Before the introduction of __try_use_facet those corrupted _M_facet arrays would result in a failed dynamic_cast and so has_facet would be false and use_facet would throw. With the new code in GCC 13 the static_cast succeeds, but with undefined behaviour.

So to avoid a regression from detecting the bug and throwing an exception to crashing with a segfault, I think we need to change __try_use_facet to use dynamic_cast, unfortunately.

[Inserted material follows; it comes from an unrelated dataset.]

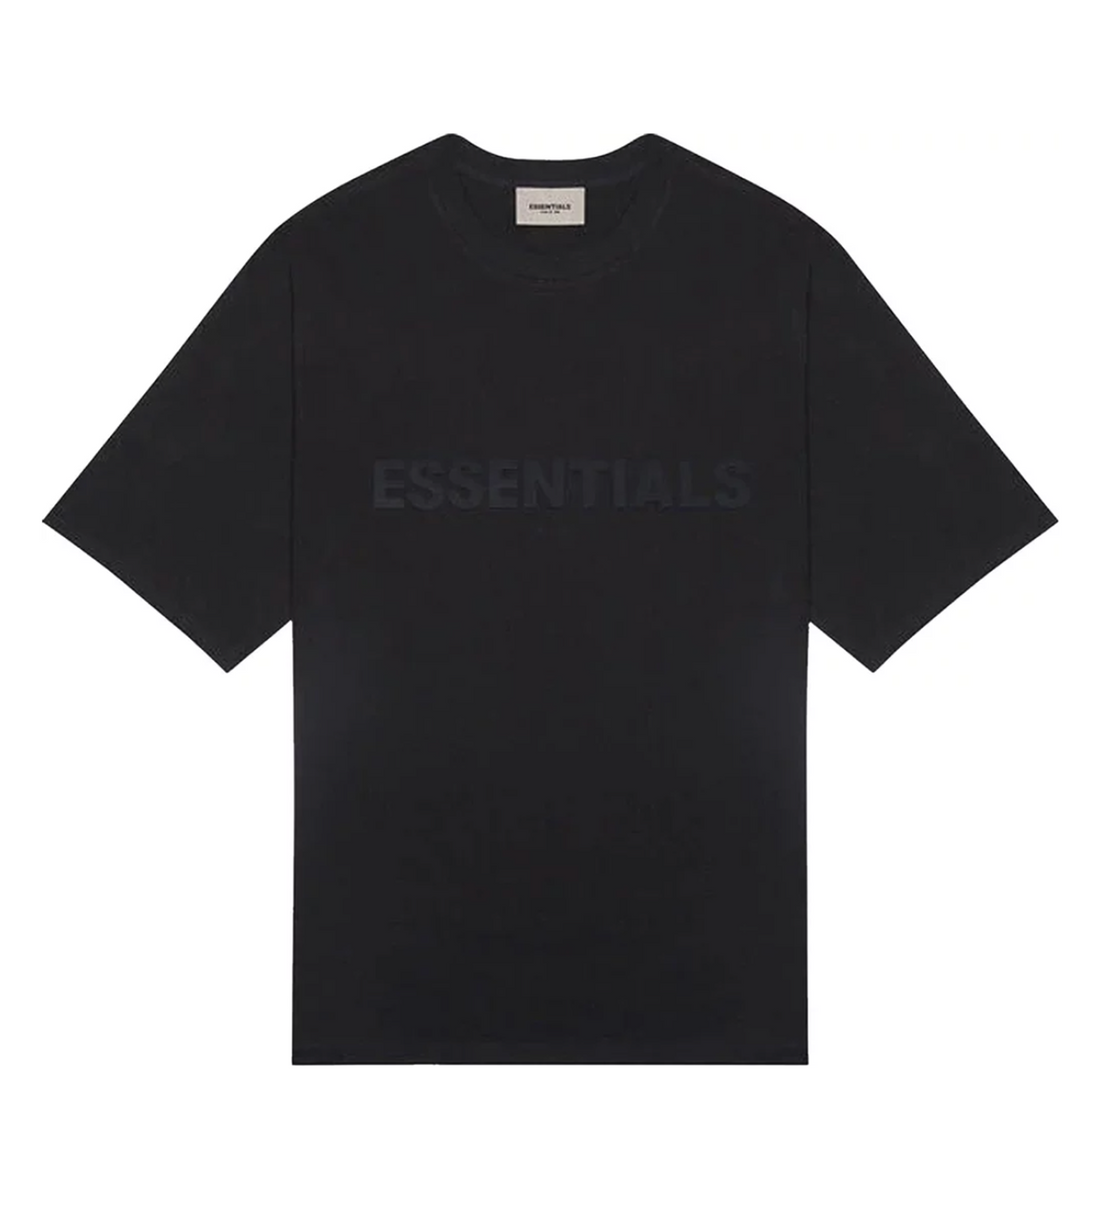 Essentials Black Tee Front Logo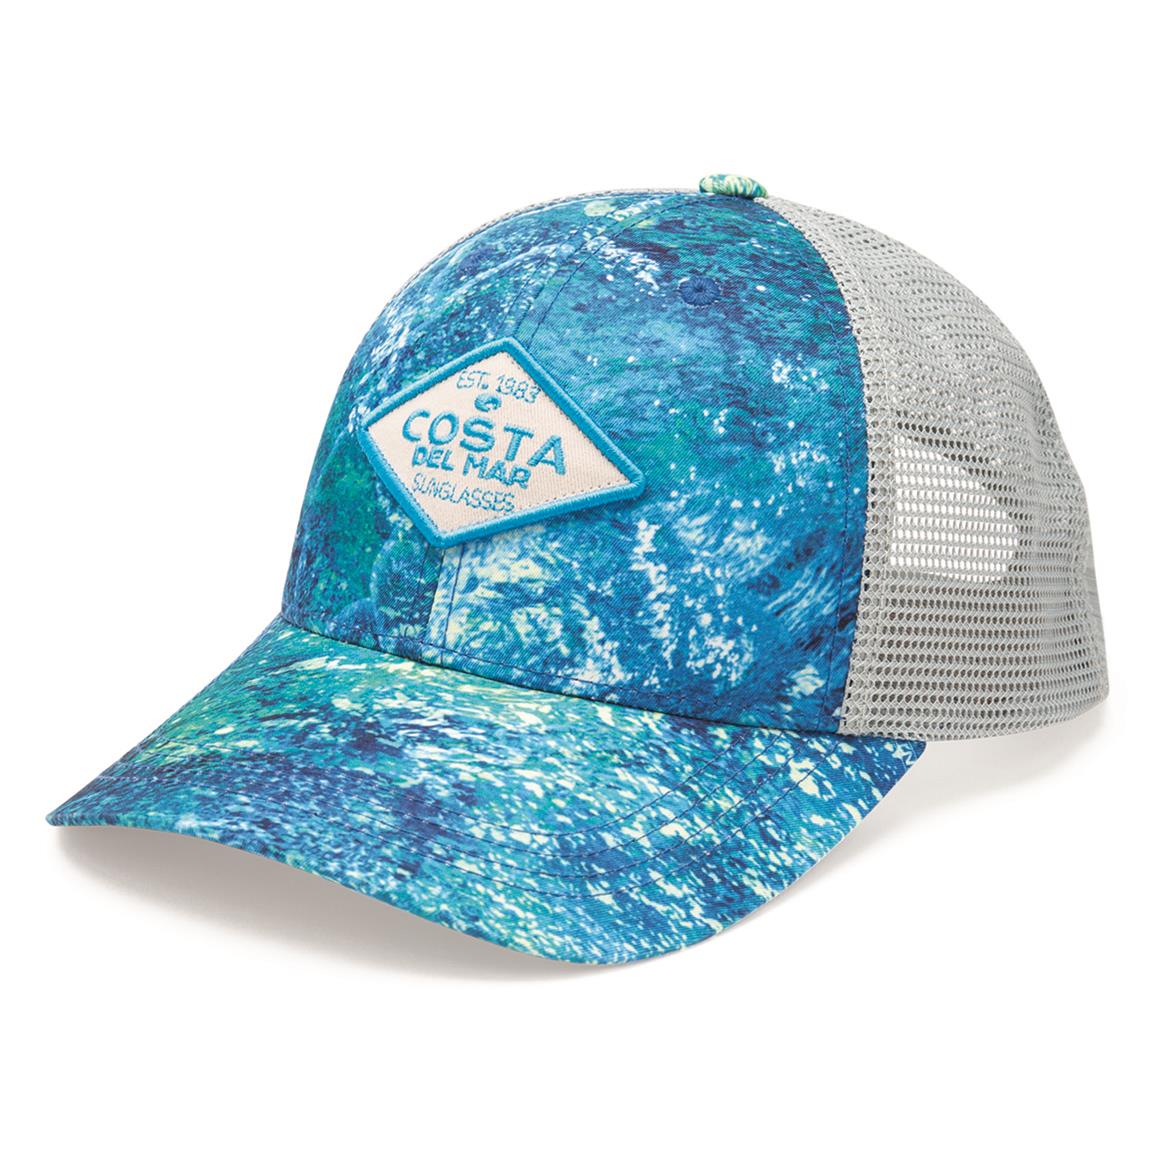 Costa Mossy Oak Coastal Inshore Trucker Hat, Blue Camo

We will still retain the use of __try_use_facet in std::basic_ios::_M_cache_locale, so we'll still only do three dynamic_casts not six, so that's still a bit better than it was before.
Comment 17 GCC Commits 2023-04-21 15:01:29 UTC
The releases/gcc-12 branch has been updated by Jonathan Wakely <redi@gcc.gnu.org>:

https://gcc.gnu.org/g:8caf5805ad76125b84430b8653003f4776489d46

commit r12-9462-g8caf5805ad76125b84430b8653003f4776489d46
Author: Jonathan Wakely <jwakely@redhat.com>
Date:   Thu Apr 20 21:02:22 2023 +0100

    libstdc++: Optimize std::try_facet and std::use_facet [PR103755]
    
    The std::try_facet and std::use_facet functions were optimized in
    r13-3888-gb3ac43a3c05744 to avoid redundant checking for all facets that
    are required to always be present in every locale.
    
    This performs a simpler version of the optimization that only applies to
    std::ctype<char>, std::num_get<char>, std::num_put<char>, and the
    wchar_t specializations of those facets. Those are the facets that are
    cached by std::basic_ios, which means they're used on construction for
    every iostream object. This smaller change is suitable for the gcc-12
    branch, and mitigates the performance loss for powerpc64le-linux on the
    gcc-12 branch caused by r12-9454-g24cf9f4c6f45f7 for PR 103387. It also
    greatly improves the performance of constructing iostreams objects, for
    all targets.
    
    libstdc++-v3/ChangeLog:
    
            PR libstdc++/103755
            * include/bits/locale_classes.tcc (try_facet, use_facet): Do not
            check array index or dynamic type when accessing required
            specializations of std::ctype, std::num_get, or std::num_put.
            * testsuite/22_locale/ctype/is/string/89728_neg.cc: Adjust
            expected errors.
Comment 18 Jonathan Wakely 2023-04-21 15:06:44 UTC
(In reply to Jonathan Wakely from comment #16)
> So to avoid a regression from detecting the bug and throwing an exception to
> crashing with a segfault, I think we need to change __try_use_facet to use
> dynamic_cast, unfortunately.

Ugh, I completely forgot about this.